# First year Orchard grass... cut again or let seed?



## hosspuller (Aug 27, 2009)

Last fall I drilled "Persist" Orchard grass. Fertilized according to soil test. Sprayed 2,4D and Ally for weeds. Got a very nice first cut at boot stage. Yielded about 600 pounds per acre.

Will letting the OG go for the rest of the year pay back in terms of stand establishment? Mowing it in the winter ? or hay it again?

Thanks for your advice...


----------



## sedurbin (May 30, 2009)

I'd probably cut it again. Where are you located?


----------



## hosspuller (Aug 27, 2009)

Located in Central North Carolina...


----------



## rjmoses (Apr 4, 2010)

You might consider letting it rest until September timeframe, then taking a 2nd cutting. OG is a cool season grass--grows primarily in the spring and fall, goes dormant when temperatures get over 85.

Ralph


----------



## mulberrygrovefamilyfarm (Feb 11, 2009)

I second the letting it rest until it is cool and taking a cutting, but when you cut it in the fall give it enough time to get some growth before first frost.


----------



## Rodney R (Jun 11, 2008)

It will only get seed heads once per year, so cut it again when it gets about 12 inches high... I think you'd be looking at about the end of July beginning of August, given enough water to make it regrow. It is possible that you might be able to take a 3rd cutting if the weather cooperates. 2nd and 3rd cutting will be a real soft grass, sorta like if you did not mow your lawn for a month. 2nd and 3rd cutting do not get high in the grand scheme of things - seems that once it reaches a certain height, it only gets thiker, but again to only a certain point..... That's why a guy cuts it, cause there is no benefit to leaving it grow any longer. Just be sure that when you cut you leave enough stubble - if you cut it too short you will be taking away all of the plants reserves to grow again.

Rodney


----------



## tnwalkingred (Jun 8, 2010)

Hey guys,

I planted 10 acres of orcahrd grass last year however I did not fertilize it. I sprayed it this spring and even though I have a good stand it is not very tall (about 12-14 inches) and has no stem in it. I live in middle TN and it has gotten really hot really quick with no rain for the last 7-8 days and none forecasted for at least a week. The stand is starting to wilt a bit and my question is this.

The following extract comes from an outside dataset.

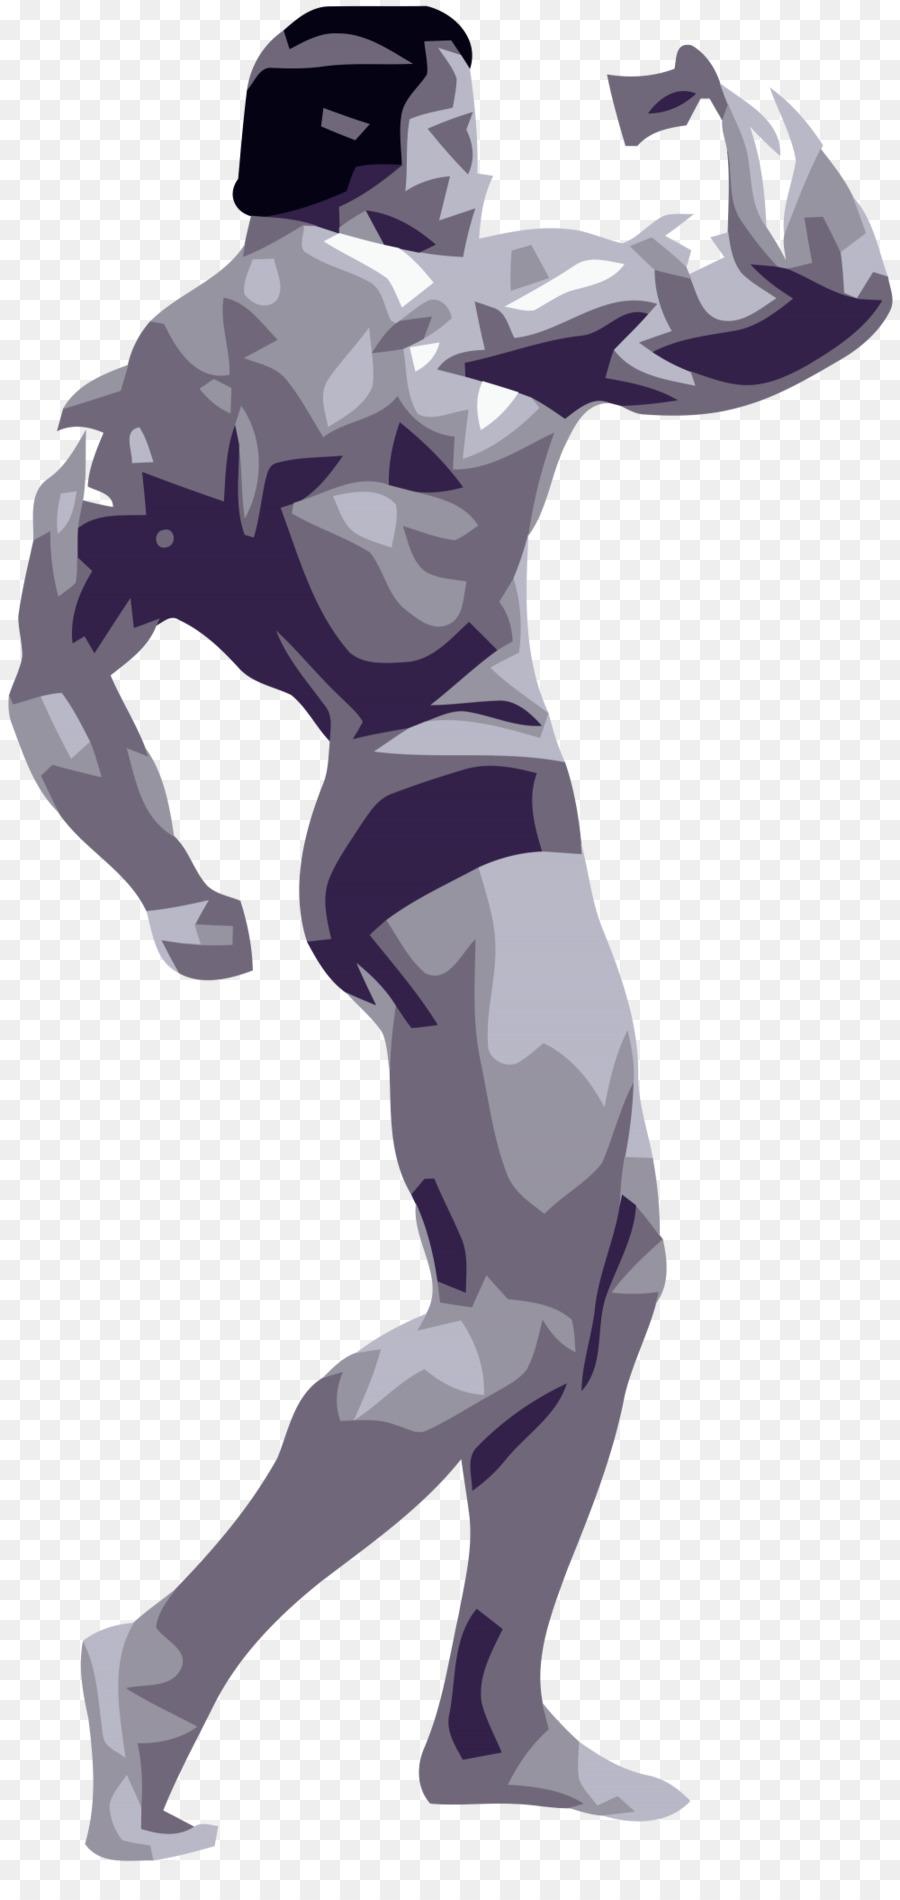 Bodybuilding Fitness Centre Clip Art - A-Bodybuilding Fitness Centre Clip art - arnold schwarzenegger-11

Should I go ahead and cut what I can now, wait till we get a rain so it re-juvenates and then cut in a week or two, or let it lie till the fall and cut it after it starts growing in cooler weather?????? If I cut it now it would make some really fine hay however the yeild is going to be down. I just didnt know if there would be benefits to letting it be? Thanks.

Kyle


----------



## mulberrygrovefamilyfarm (Feb 11, 2009)

> I planted 10 acres of orcahrd grass last year however I did not fertilize it. I sprayed it this spring and even though I have a good stand it is not very tall (about 12-14 inches) and has no stem in it. I live in middle TN and it has gotten really hot really quick with no rain for the last 7-8 days and none forecasted for at least a week. The stand is starting to wilt a bit and my question is this. Should I go ahead and cut what I can now, wait till we get a rain so it re-juvenates and then cut in a week or two, or let it lie till the fall and cut it after it starts growing in cooler weather?????? If I cut it now it would make some really fine hay however the yeild is going to be down. I just didnt know if there would be benefits to letting it be?


Our orchard grass goes semi dormant as the heat kicks in. If you're looking at rising temps as the year goes on from here you won't get much of a bounce back until it starts to cool down although you should cut it at a scheduled interval. You should be at boot stage on your orchard grass by now in TN? We try to take the first cutting at around boot stage for orchard grass hay and avoid cutting based on height. I try to balance biomass yield with maturity to get the most tonnage of feed quality to match my market. Our grass hay is targeted at our horse customers so we sacrifice yield (height) for quality (boot stage) and make up the difference in $/ton.


----------